Source material
== Segment start ==
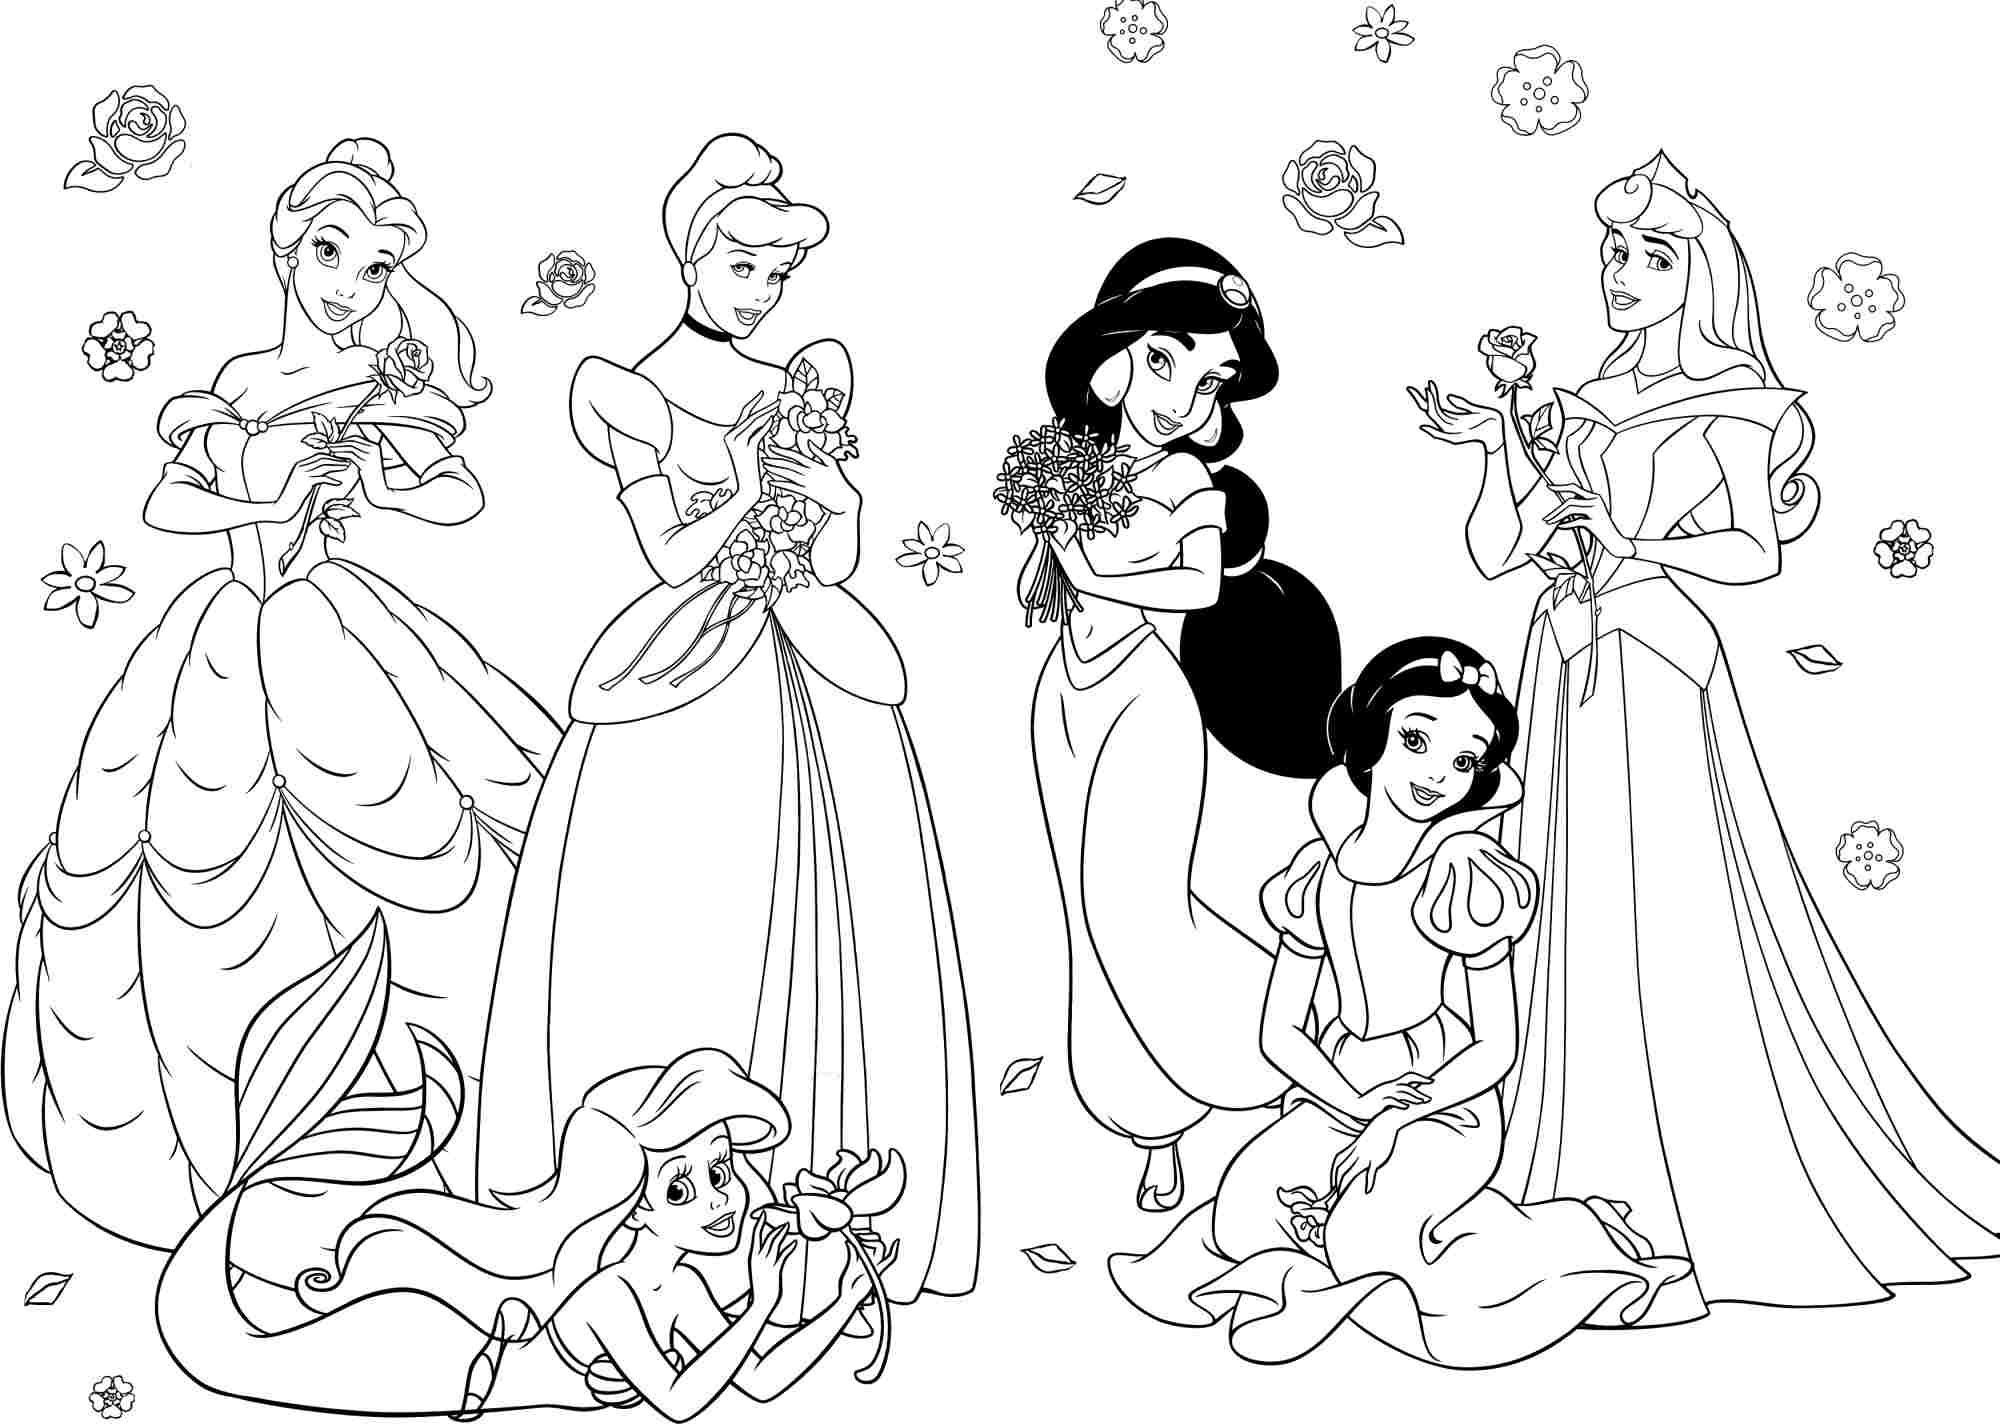 Disney Princess Coloring Pages To Print   Coloring Page Photos ...
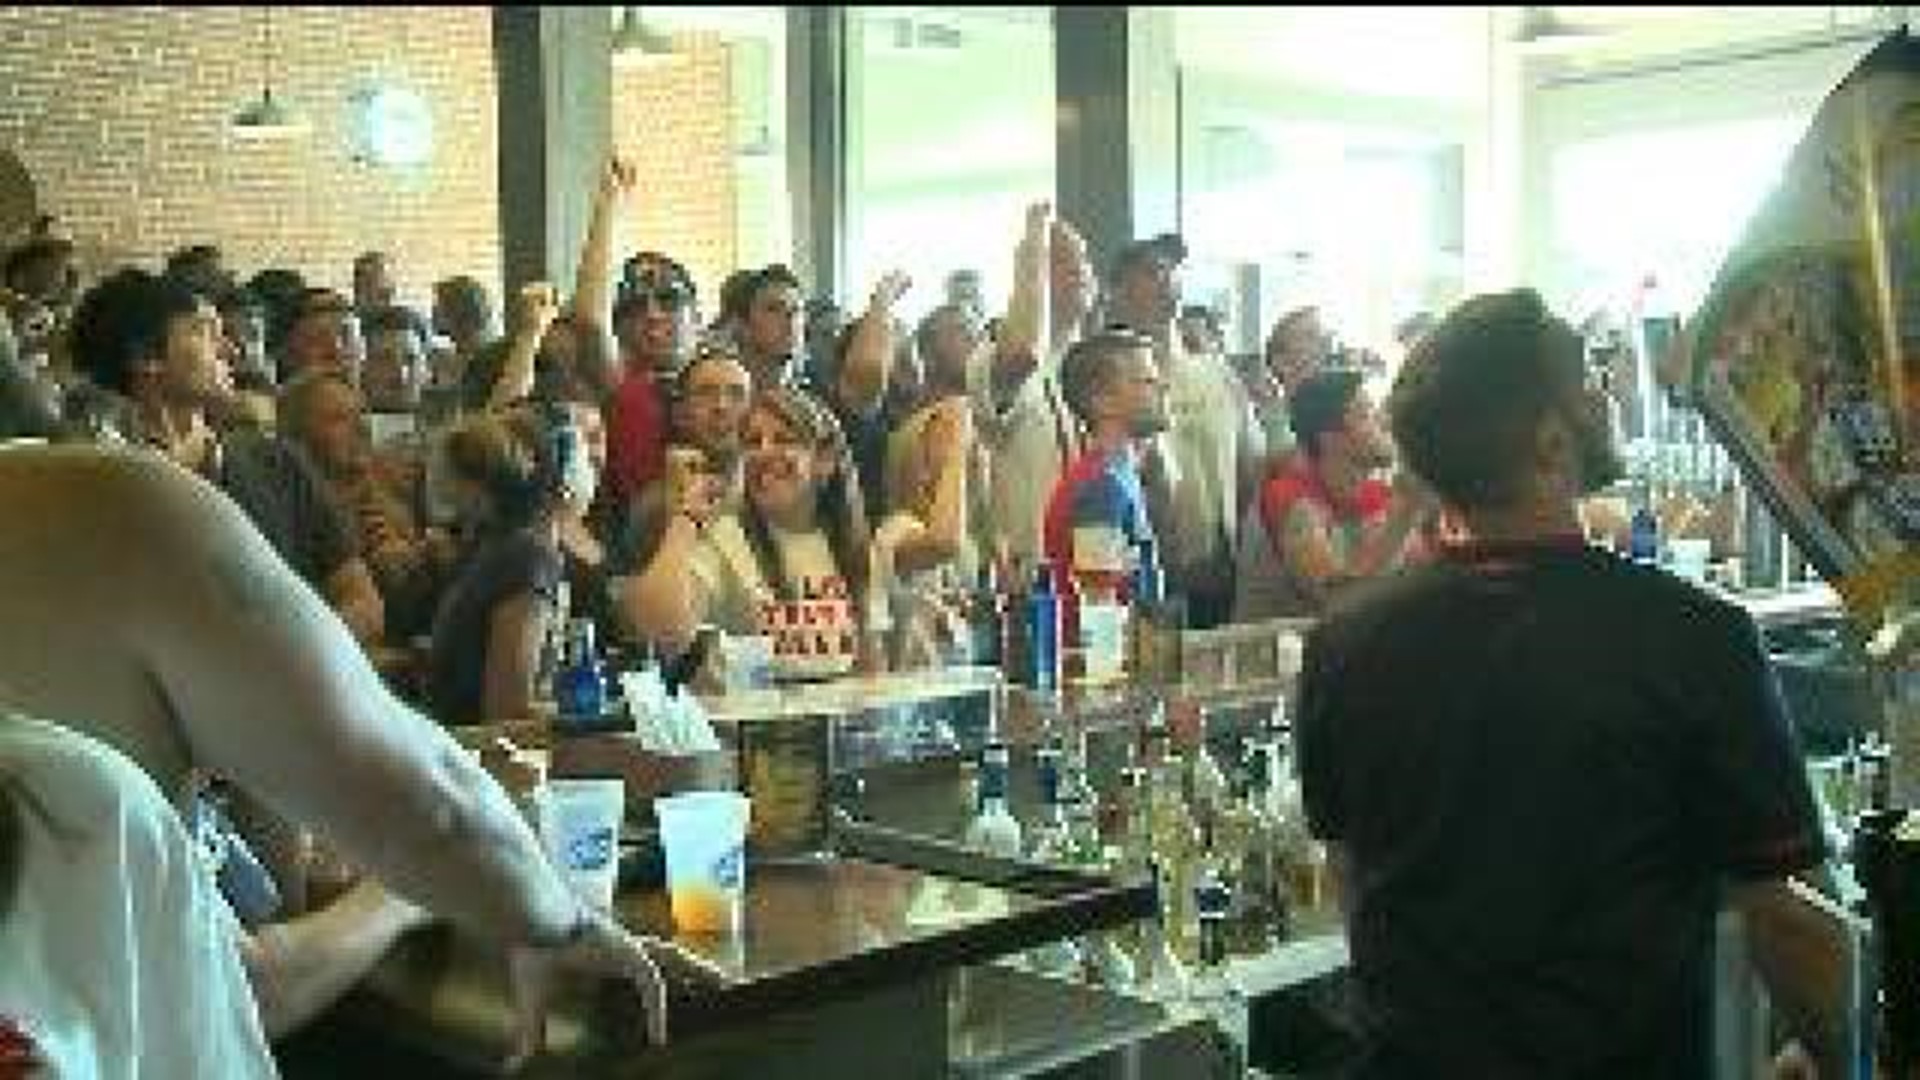 Scranton Bar Goes Red, White, and Blue for World Cup
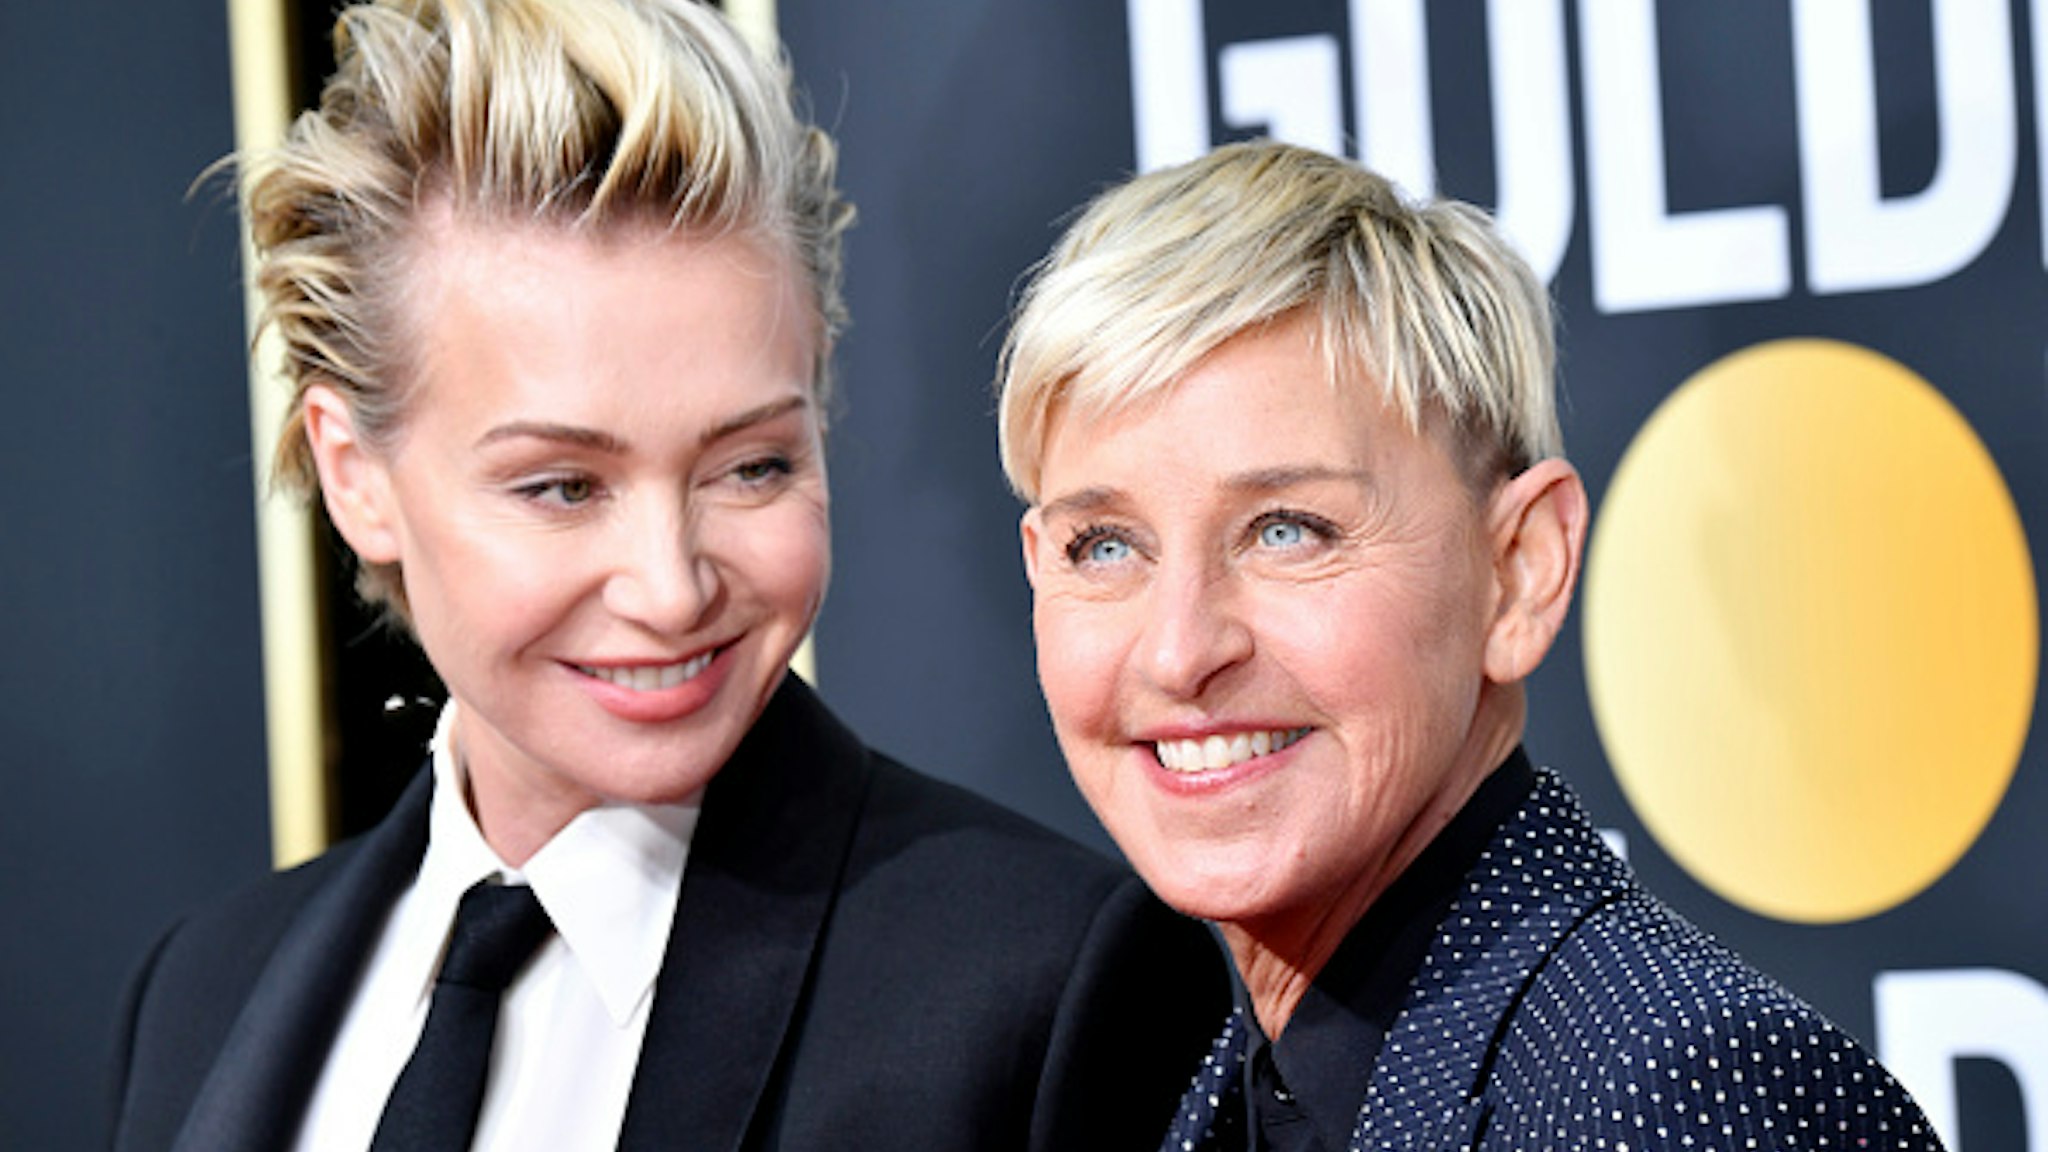 BEVERLY HILLS, CALIFORNIA - JANUARY 05: (L-R) Portia de Rossi and Ellen DeGeneres attends the 77th Annual Golden Globe Awards at The Beverly Hilton Hotel on January 05, 2020 in Beverly Hills, California.
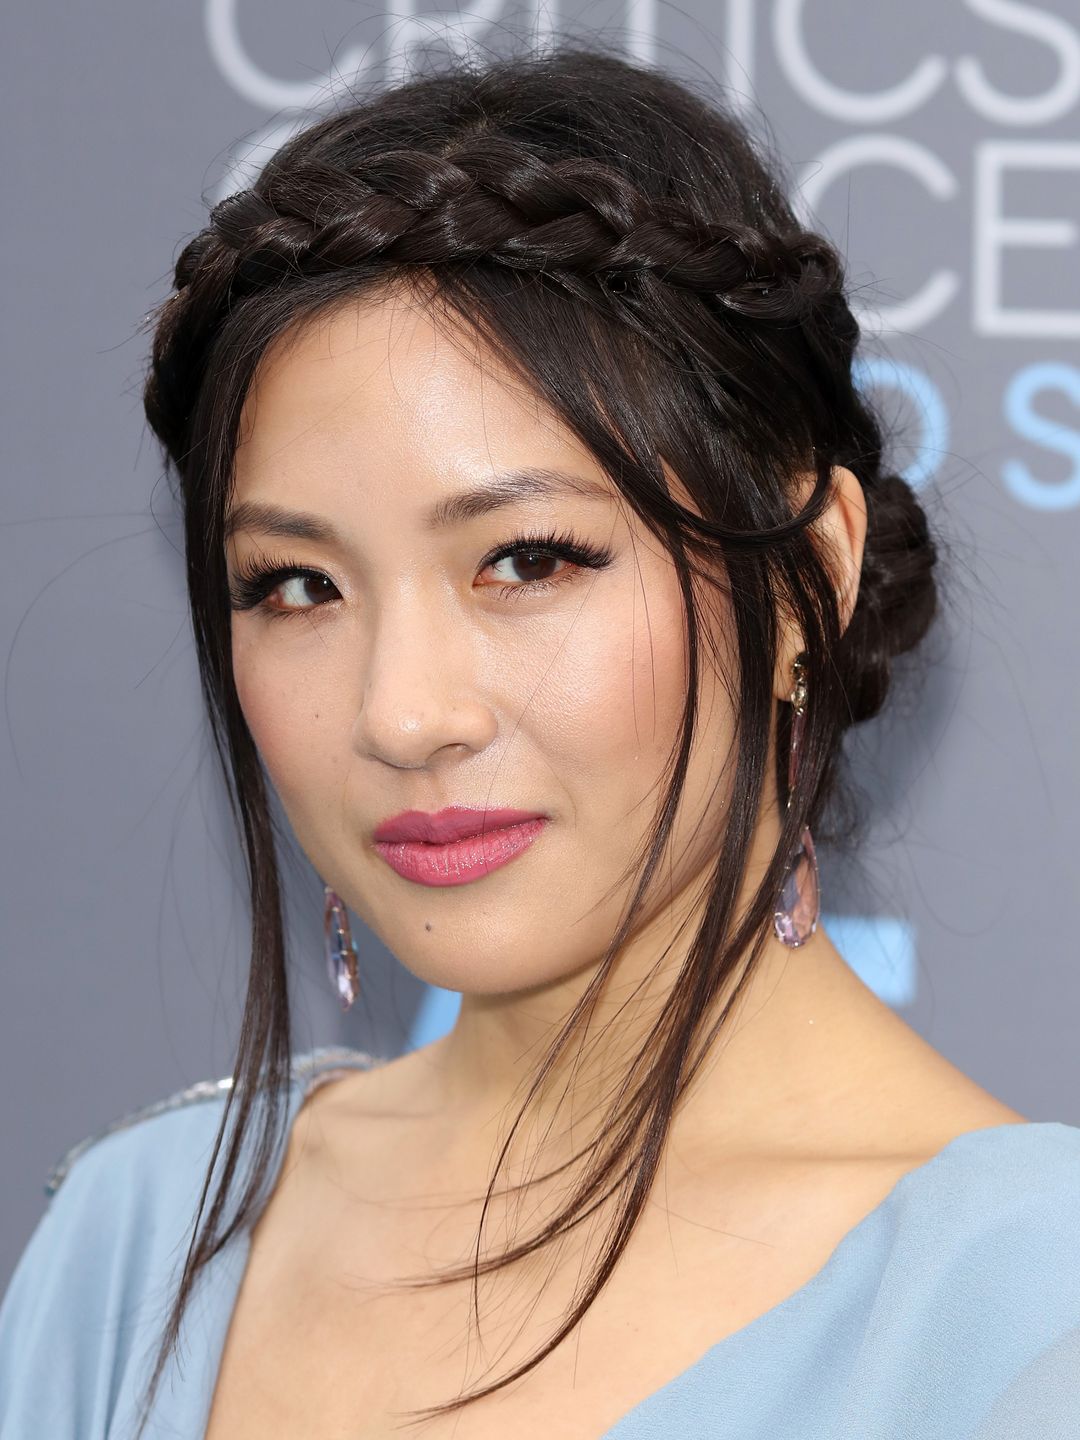 Constance Wu young photos
== Segment end ==
Required work
Going from the line holding "BEVERLY HILLS, CALIFORNIA - JANUARY" to the last line of the data above, reproduce every line exactly, both included, with the pictures omitted.

Response
 BEVERLY HILLS, CALIFORNIA - JANUARY 05: (L-R) Portia de Rossi and Ellen DeGeneres attends the 77th Annual Golden Globe Awards at The Beverly Hilton Hotel on January 05, 2020 in Beverly Hills, California.
 Constance Wu young photos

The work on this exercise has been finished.